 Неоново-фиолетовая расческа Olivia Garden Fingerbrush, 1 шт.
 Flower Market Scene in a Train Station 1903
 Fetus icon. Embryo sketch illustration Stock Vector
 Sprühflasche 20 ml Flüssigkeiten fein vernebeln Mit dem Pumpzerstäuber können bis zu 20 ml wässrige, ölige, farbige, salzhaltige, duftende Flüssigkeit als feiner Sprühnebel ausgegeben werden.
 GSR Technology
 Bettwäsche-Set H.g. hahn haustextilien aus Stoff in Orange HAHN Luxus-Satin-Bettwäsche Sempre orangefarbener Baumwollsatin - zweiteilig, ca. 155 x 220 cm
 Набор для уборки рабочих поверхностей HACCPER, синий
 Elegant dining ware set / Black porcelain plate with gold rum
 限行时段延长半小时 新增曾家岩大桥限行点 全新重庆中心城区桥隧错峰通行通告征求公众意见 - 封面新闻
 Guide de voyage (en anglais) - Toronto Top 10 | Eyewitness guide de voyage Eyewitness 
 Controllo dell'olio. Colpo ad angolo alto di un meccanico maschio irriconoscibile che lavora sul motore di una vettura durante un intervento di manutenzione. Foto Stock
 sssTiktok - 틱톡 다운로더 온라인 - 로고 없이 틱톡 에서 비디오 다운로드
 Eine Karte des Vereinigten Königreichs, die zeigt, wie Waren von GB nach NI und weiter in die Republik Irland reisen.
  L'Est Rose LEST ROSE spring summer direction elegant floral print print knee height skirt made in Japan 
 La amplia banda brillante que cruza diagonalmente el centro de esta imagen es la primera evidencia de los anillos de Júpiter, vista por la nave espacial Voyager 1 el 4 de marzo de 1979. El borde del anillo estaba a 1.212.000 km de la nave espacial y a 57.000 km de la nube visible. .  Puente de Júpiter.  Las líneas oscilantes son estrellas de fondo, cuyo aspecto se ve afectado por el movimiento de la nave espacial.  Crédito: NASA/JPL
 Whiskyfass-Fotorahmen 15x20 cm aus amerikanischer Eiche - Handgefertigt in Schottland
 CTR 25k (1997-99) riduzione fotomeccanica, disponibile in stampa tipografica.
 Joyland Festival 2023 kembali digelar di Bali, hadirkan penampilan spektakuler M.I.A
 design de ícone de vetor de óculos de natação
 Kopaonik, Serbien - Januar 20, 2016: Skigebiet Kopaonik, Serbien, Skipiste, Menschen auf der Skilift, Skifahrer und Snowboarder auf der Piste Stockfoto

= = =

▶ _Problem to work on_
Nothing may change. Retype all of the entries.

▶ _Completed exercise_
 Неоново-фиолетовая расческа Olivia Garden Fingerbrush, 1 шт.
 Flower Market Scene in a Train Station 1903
 Fetus icon. Embryo sketch illustration Stock Vector
 Sprühflasche 20 ml Flüssigkeiten fein vernebeln Mit dem Pumpzerstäuber können bis zu 20 ml wässrige, ölige, farbige, salzhaltige, duftende Flüssigkeit als feiner Sprühnebel ausgegeben werden.
 GSR Technology
 Bettwäsche-Set H.g. hahn haustextilien aus Stoff in Orange HAHN Luxus-Satin-Bettwäsche Sempre orangefarbener Baumwollsatin - zweiteilig, ca. 155 x 220 cm
 Набор для уборки рабочих поверхностей HACCPER, синий
 Elegant dining ware set / Black porcelain plate with gold rum
 限行时段延长半小时 新增曾家岩大桥限行点 全新重庆中心城区桥隧错峰通行通告征求公众意见 - 封面新闻
 Guide de voyage (en anglais) - Toronto Top 10 | Eyewitness guide de voyage Eyewitness 
 Controllo dell'olio. Colpo ad angolo alto di un meccanico maschio irriconoscibile che lavora sul motore di una vettura durante un intervento di manutenzione. Foto Stock
 sssTiktok - 틱톡 다운로더 온라인 - 로고 없이 틱톡 에서 비디오 다운로드
 Eine Karte des Vereinigten Königreichs, die zeigt, wie Waren von GB nach NI und weiter in die Republik Irland reisen.
  L'Est Rose LEST ROSE spring summer direction elegant floral print print knee height skirt made in Japan 
 La amplia banda brillante que cruza diagonalmente el centro de esta imagen es la primera evidencia de los anillos de Júpiter, vista por la nave espacial Voyager 1 el 4 de marzo de 1979. El borde del anillo estaba a 1.212.000 km de la nave espacial y a 57.000 km de la nube visible. .  Puente de Júpiter.  Las líneas oscilantes son estrellas de fondo, cuyo aspecto se ve afectado por el movimiento de la nave espacial.  Crédito: NASA/JPL
 Whiskyfass-Fotorahmen 15x20 cm aus amerikanischer Eiche - Handgefertigt in Schottland
 CTR 25k (1997-99) riduzione fotomeccanica, disponibile in stampa tipografica.
 Joyland Festival 2023 kembali digelar di Bali, hadirkan penampilan spektakuler M.I.A
 design de ícone de vetor de óculos de natação
 Kopaonik, Serbien - Januar 20, 2016: Skigebiet Kopaonik, Serbien, Skipiste, Menschen auf der Skilift, Skifahrer und Snowboarder auf der Piste Stockfoto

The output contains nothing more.